A rare insight

My parents rarely ever spoke about the past. Once, I was showing my dad an enormous rectangular basket with a lid that had I bought to use as a blanket box. His eyes lit up when he saw it.

“We had baskets just like that when I was a child,” he told me

I held my breath, not daring to interrupt him in case he stopped.

“When we went away on holidays, we packed everything into one of those baskets, and then we’d all get on the steam train, and go.”

My imagination was fired; a busy Glasgow train station, a steam train, hissing steam, men, women, and children, in old-fashioned clothes. I could almost smell the smoke.

Suddenly my father’s eyes widened as another old memory surfaced.

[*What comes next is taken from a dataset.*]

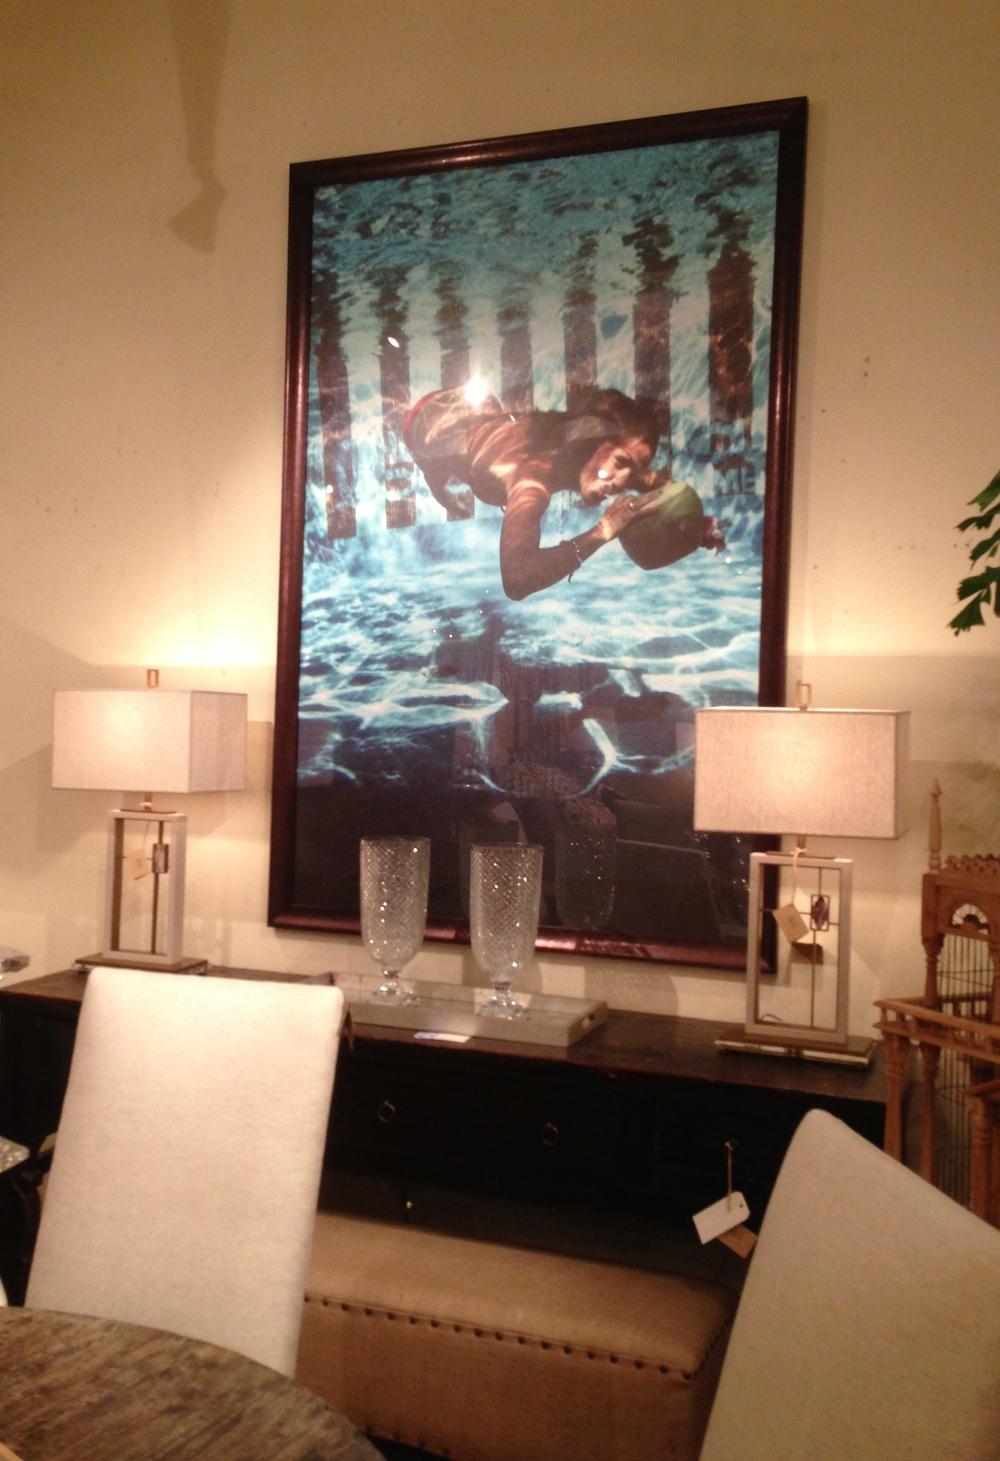 Photograph / photography / photo as art in interior design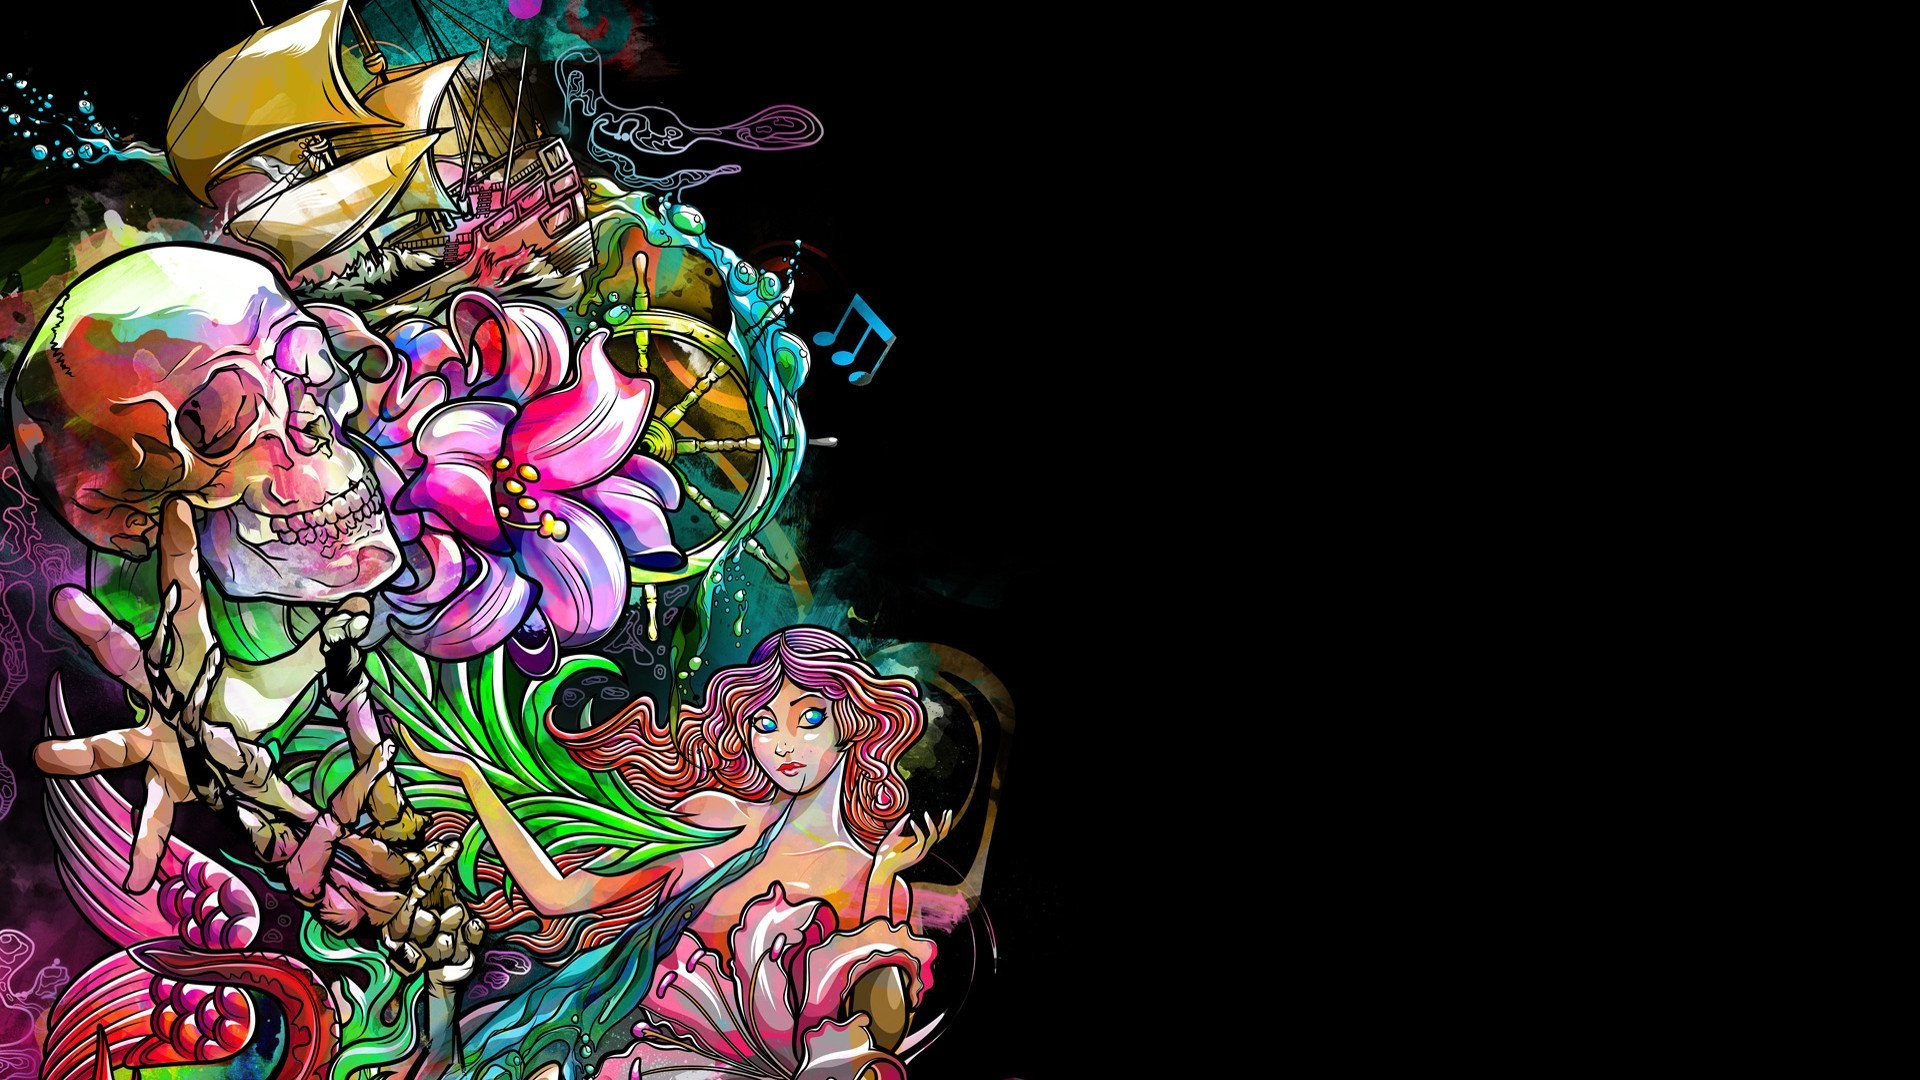 Res: 1920x1080, 3. japanese-flower-tattoo-wallpaper3-600x338

“My grandfather, ‘Papa Rowley’ was a huge man, six feet tall and built like a Highlander. I remember one year when someone tried to pick his pocket.  He was carrying that basket on his shoulder and the pick-pocket must have seen him swaying because he had been drinking and thought he was fair game.”

I gasped with the surprise of such an insight.

“As soon as his hand went in Papa Rowley’s pocket, Papa’s arm flew back and caught him by the hand. The pick-pocket yelped and let go of the money, it bounced all over the platform. Everyone else was running around picking up the money, and rushing up to give it back to Papa.”

He chuckled under his breath, and as quickly as the moment had come, it was gone.